Explaining Standard Reduction Potential

The standard reduction potential (\(E^0\)) is a measure of the tendency of a chemical species to gain electrons and thereby be reduced. It is determined under standard conditions: a 1 Molar concentration of ions, a pressure of 1 atmosphere for gases, and a temperature of 25°C or 298 K. Standard reduction potentials are used as references to predict the direction of an electrochemical reaction and calculate the standard cell potential.

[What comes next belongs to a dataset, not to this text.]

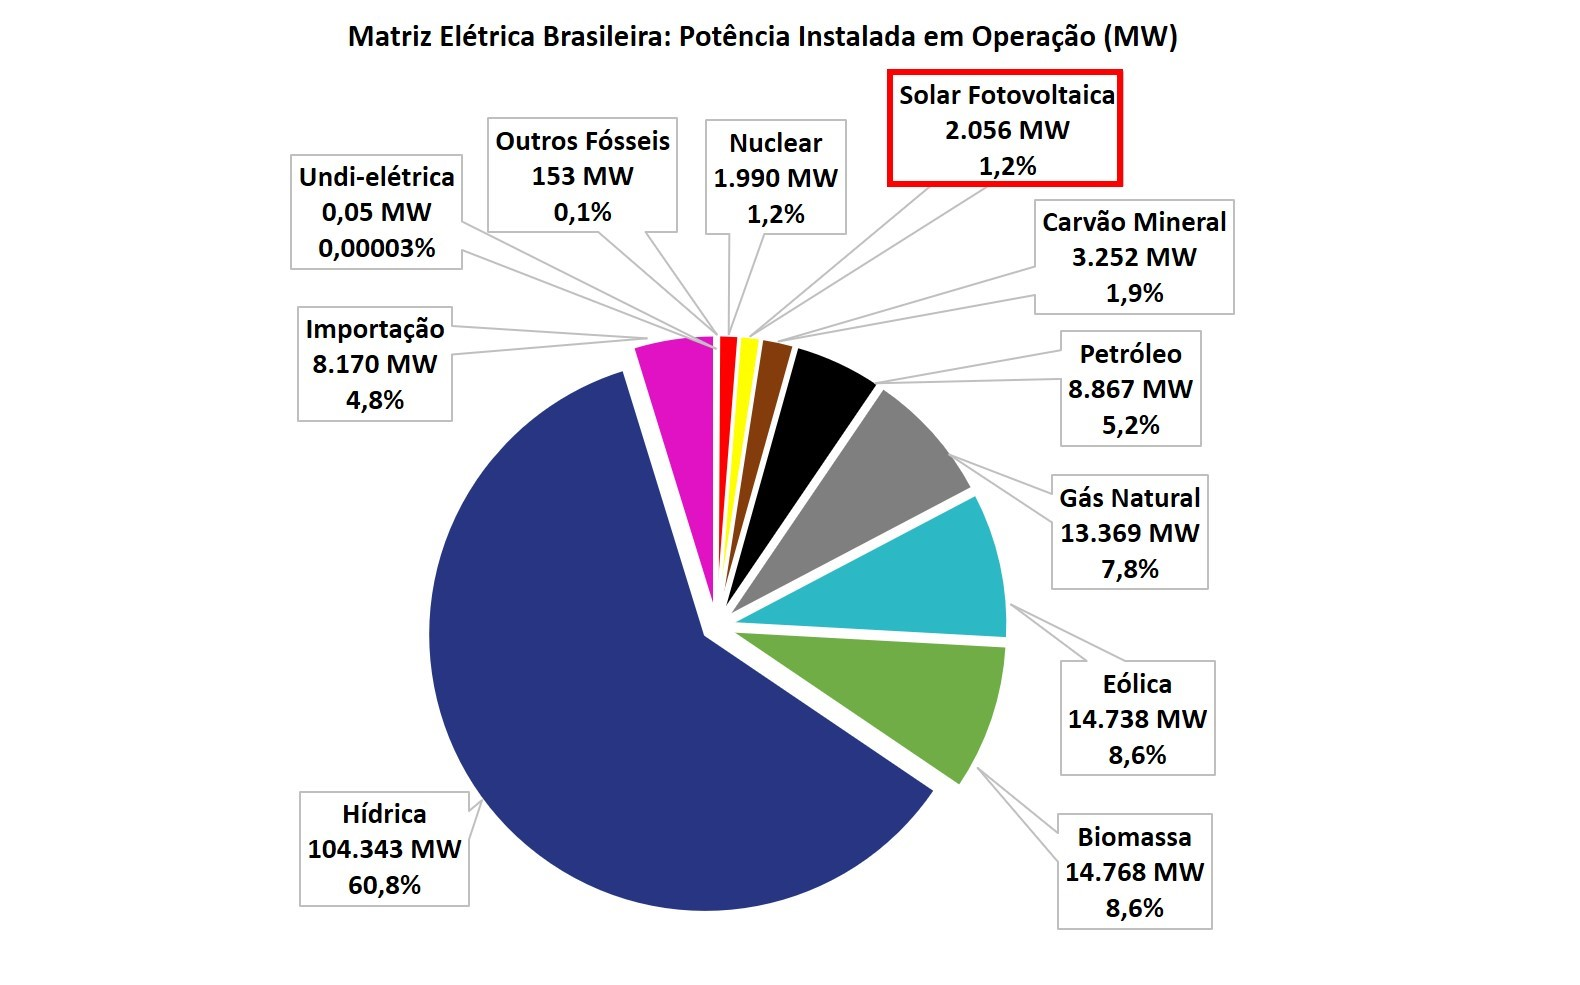 energia solar impactos ambientais _ matriz elétrica do brasil

When combining two half-cell reactions to form the overall cell reaction, as seen in the exercise, you compare the standard reduction potentials of each half-cell. The substance with the higher reduction potential will undergo reduction, serving as the cathode, and the one with the lower will be oxidized, becoming the anode. The difference in their standard reduction potentials gives the standard cell potential (\(E^0_{cell}\)), representing the maximum voltage the cell can produce under standard conditions. If either half-cell is reversed (as was the case with the aluminum half-cell in the exercise), its sign is changed, turning a reduction potential into an oxidation potential. Calculating the standard cell potential is crucial; once you have this value, the Nernst equation can adjust it to reflect real-world conditions, including non-standard concentrations.